Epitácio era um amigo querido que andava distante. A bem da verdade, o distanciamento se deu mais em função da minha mudança de emprego. Deixei a velha redação de piso assoalhado e grandes janelas para a rua Bom Pastor e fui cuidar da vida na Universidade Metodista em São Bernardo do Campo. Raras vezes, quase nunca, voltei ao Ipirangão velho-de-guerra que, por anos e anos, me acolheu e onde fiz tantos amigos.

Epitácio era um deles.

II.

Nós nos conhecemos quando ele se apresentou como novo colunista do jornal para a área de Economia, trazido pela proprietária do mesmo, dona Araci Bueno.

A partir daí, tínhamos contatos semanais para discutir o tema da coluna e, vez ou outra, apenas para comentar o momento político que atravessávamos. Nem sempre conjugamos as mesmas ideias. Mas, a discussão mais esclarecia do que nos punha em conflito.

Epitácio era dono de um dos principais escritórios de contabilidade da região – a Rhemor – e sempre usava a carteira de clientes para abalizar os humores econômicos. Era pragmático, portanto; mas raramente deixava de ter razão.

III.

Destaco dois momentos em que pude contar com a ação do Epitácio para me ajudar.

A saber:

1 – Quando lancei meu primeiro livro “Às Margens Plácidas do Ipiranga”, o homem me arranjou palestras e visitas a zilhões de entidades e clubes de serviço. Era bem relacionado na região e diria que foi o meu maior vendedor de livros. Não satisfeito, no final daquele ano (1997), arranjou outros tantos empresários que compraram uma boa quantidade de exemplares como brindes natalinos.

2 – Em outro período, foi o Epitácio quem tratou da minha saída do jornal. Depois de quase 30 anos por ali, eu não me sentia mais motivado a continuar.

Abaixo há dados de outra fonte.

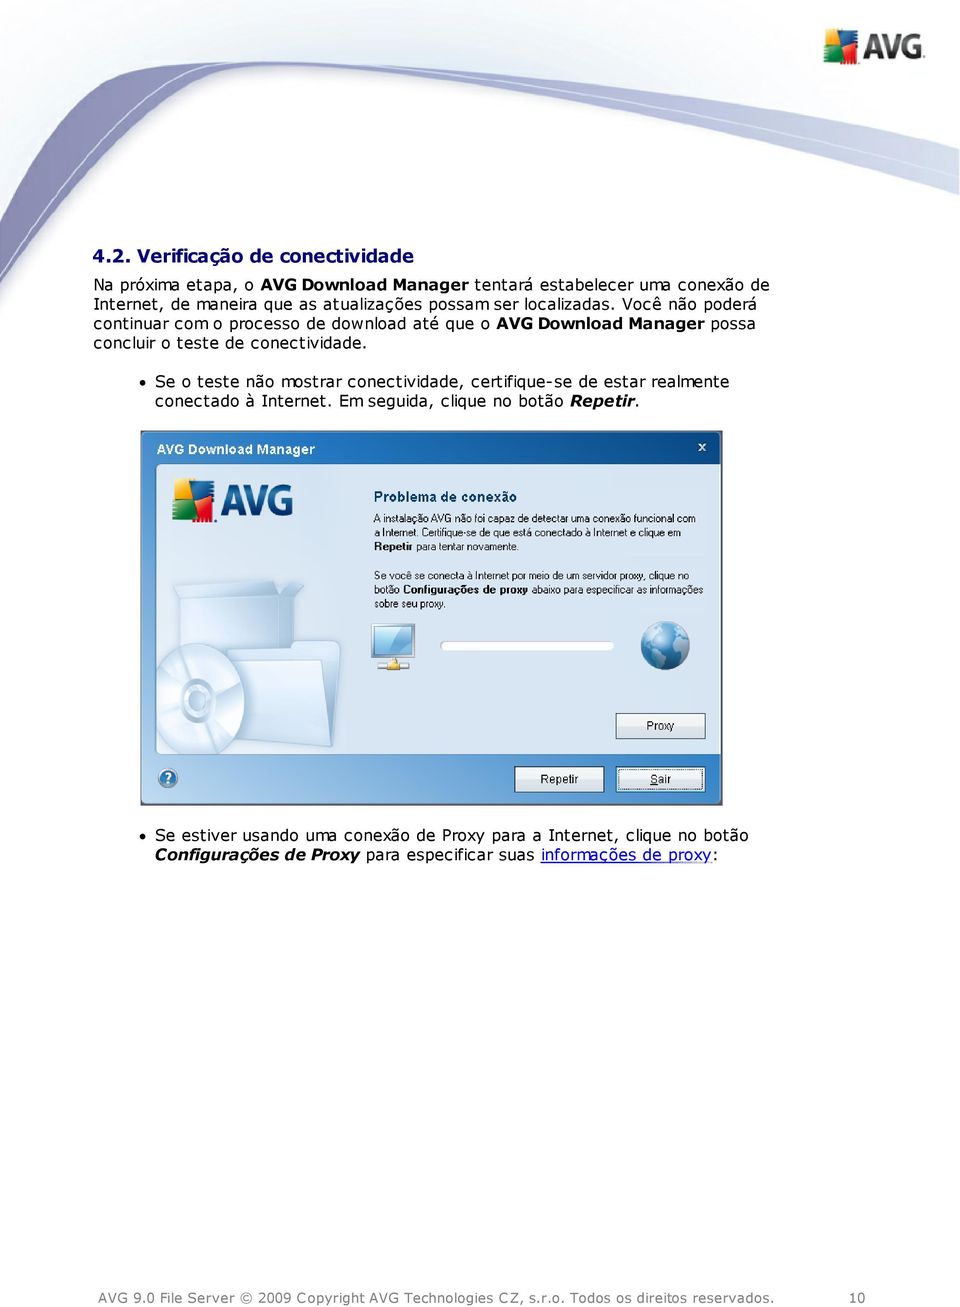 Você não poderá continuar com o processo de download até que o AVG Download Manager possa concluir o teste de conectividade.

O jornal já não era mais o mesmo, atravessava um período difícil e minha carreira na Universidade decolava – e passou a ser minha prioridade. O amigo cuidou de ser o elo de ligação entre as partes. Por pura amizade, fez com que as negociações chegassem a um bom termo.

IV.

Nos últimos tempos, voltei a encontrá-lo por duas ou três vezes. Tenho uma empresa – dessas de emitir nota quando faço (ou fazia) algum frila – que preciso fechar e busquei sua ajuda. Ele ficou de dar uma olhada na papelada e depois me informar.

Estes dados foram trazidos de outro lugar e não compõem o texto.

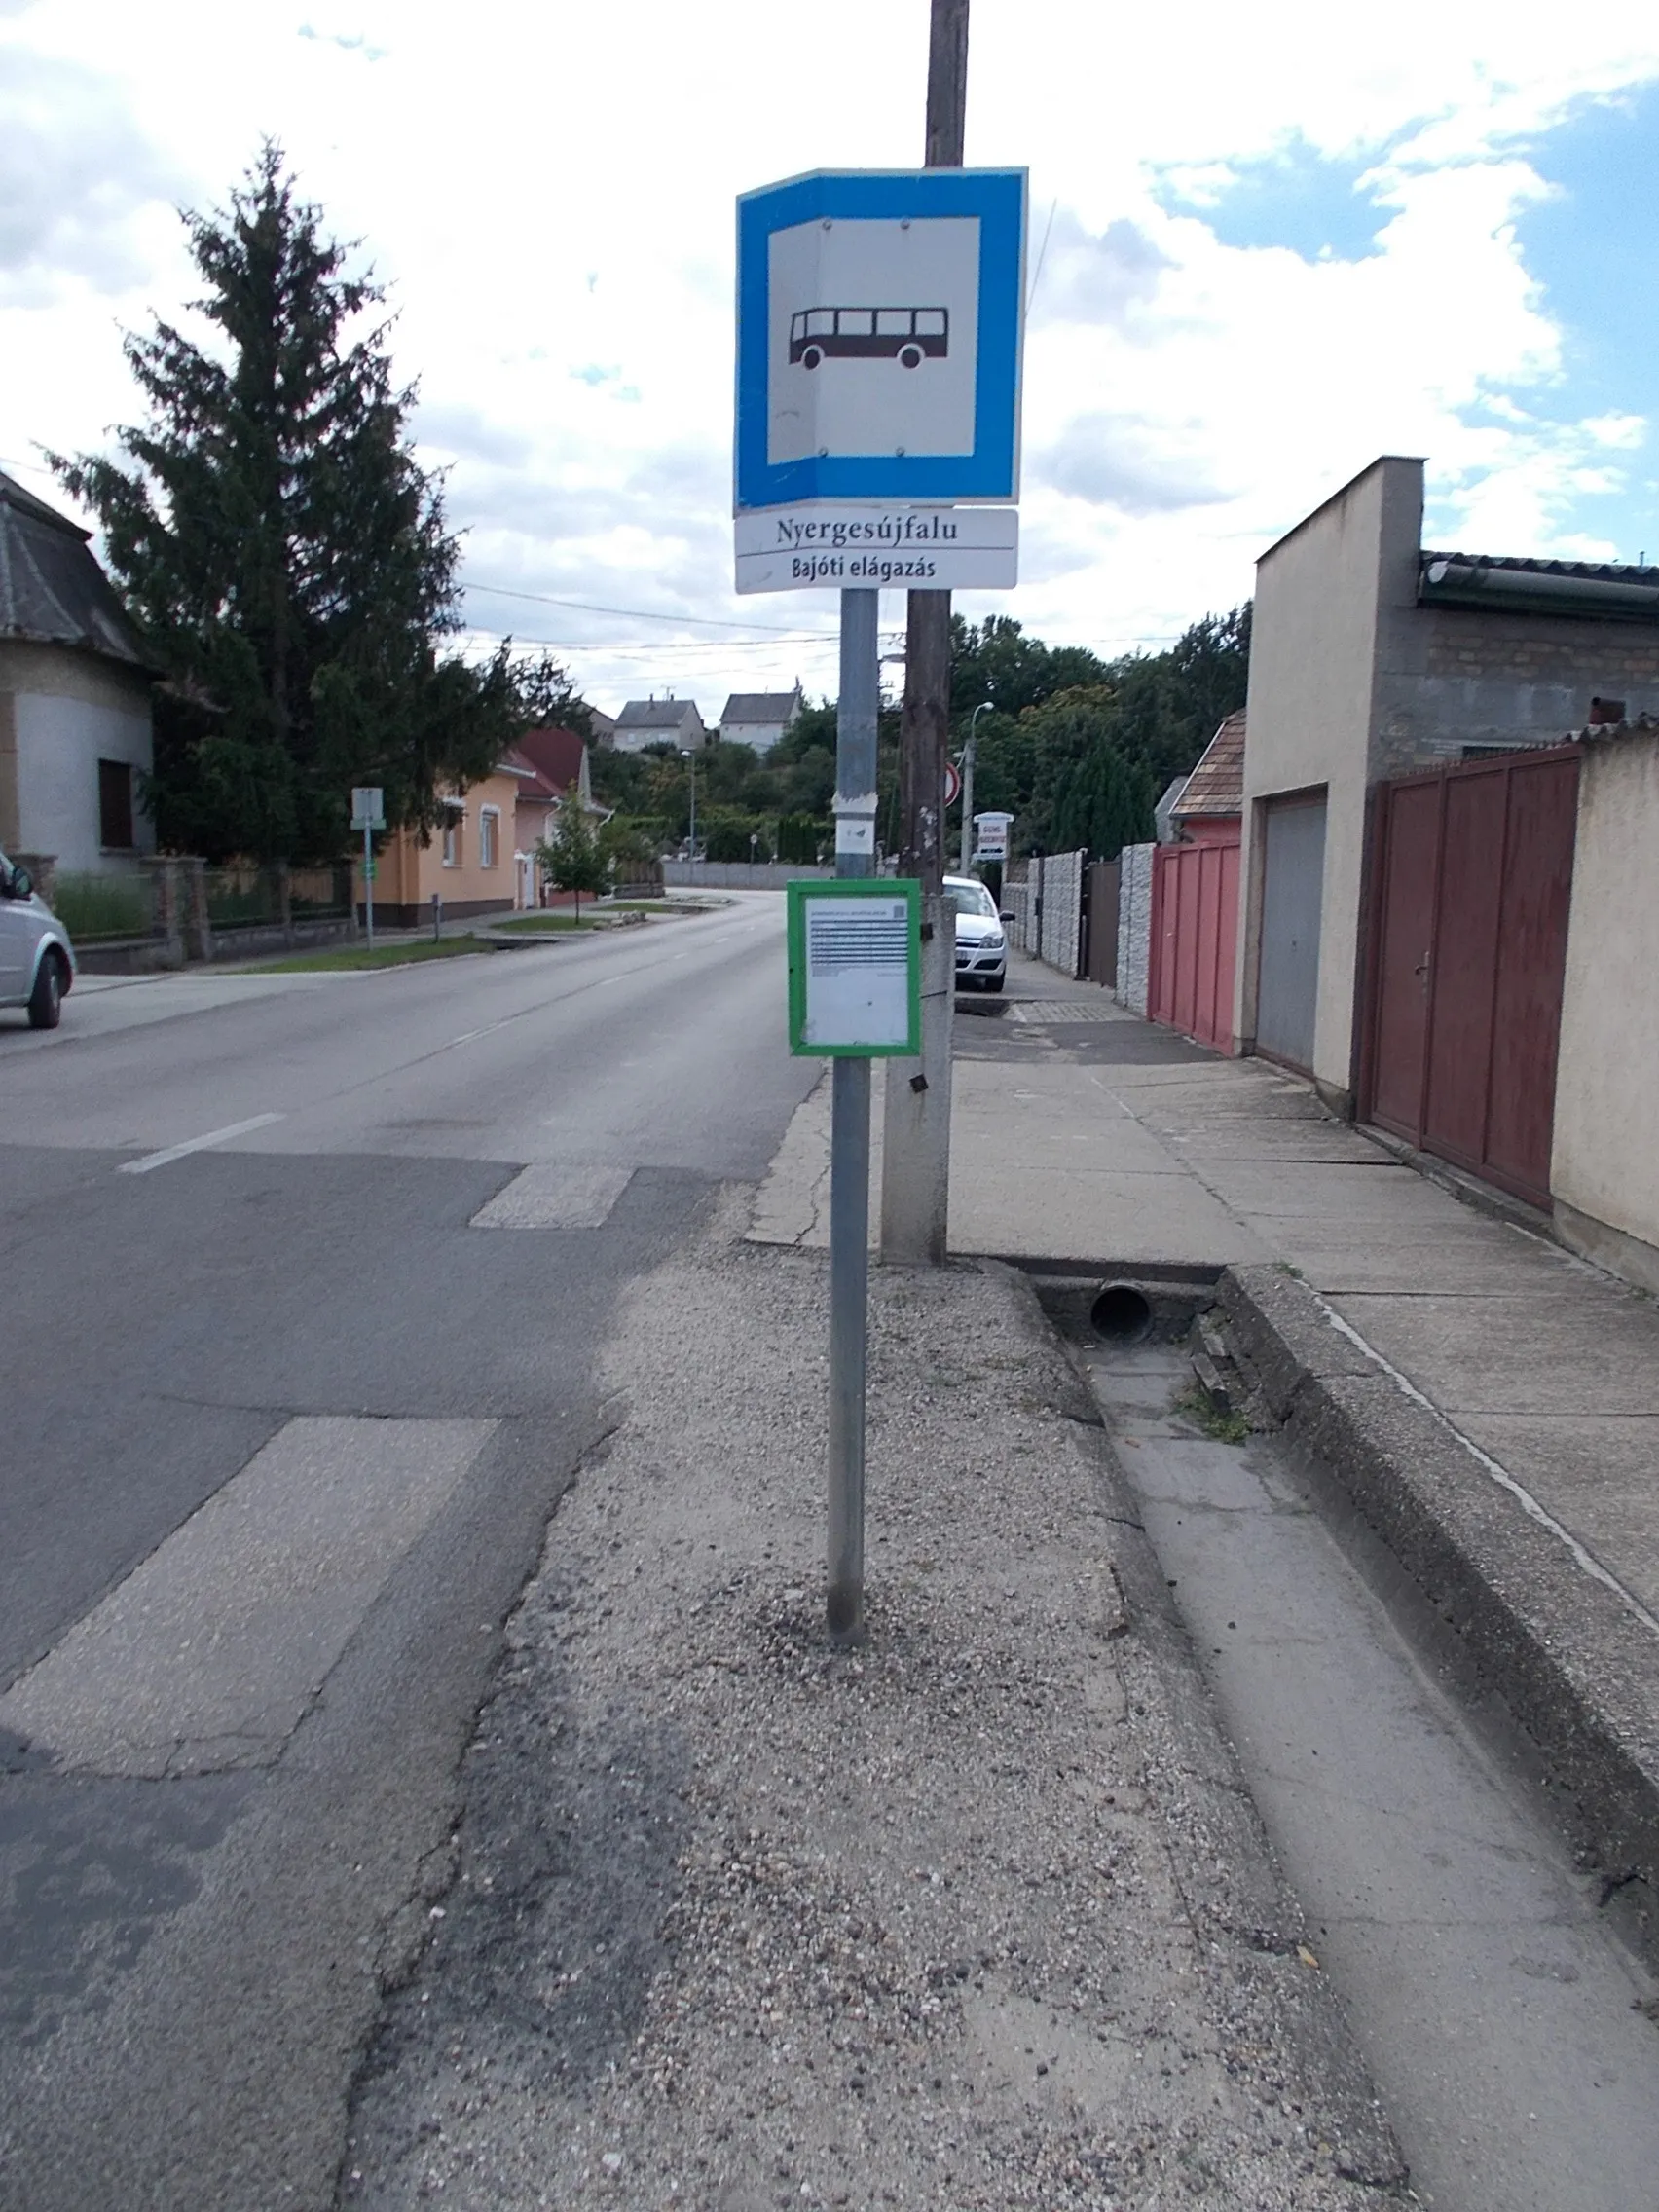 Photo showing: : 'Nyergesújfalu, bajóti elágazás' bus stop - Munkácsy liget, Nyergesújfalu, Komárom-Esztergom County, Hungary.

– Vamos almoçar qualquer dia, prometeu.

Ele gostava dessas conversas sem fim sobre política e economia.

– Claro, claro… É só marcar.

Foi assim que nos despedimos.

V.

O amigo morreu no sábado – e só ontem fiquei sabendo.

Liguei para o escritório para saber a quantas anda o processo de encerramento da empresa – e a Tânia, a secretária, me deu a triste notícia. Ela falou que foi de repente, disse o nome da doença que se complicou de forma fulminante e…

Sinceramente, não prestei atenção no que dizia. É verdadeira aquela história do filme que passa na cabeça da gente nesses momentos limites. Inexplicável o sentimento de perda, e do quanto somos efêmeros. O tempo é mesmo implacável.

Que o Senhor o tenha em bom lugar, amigo.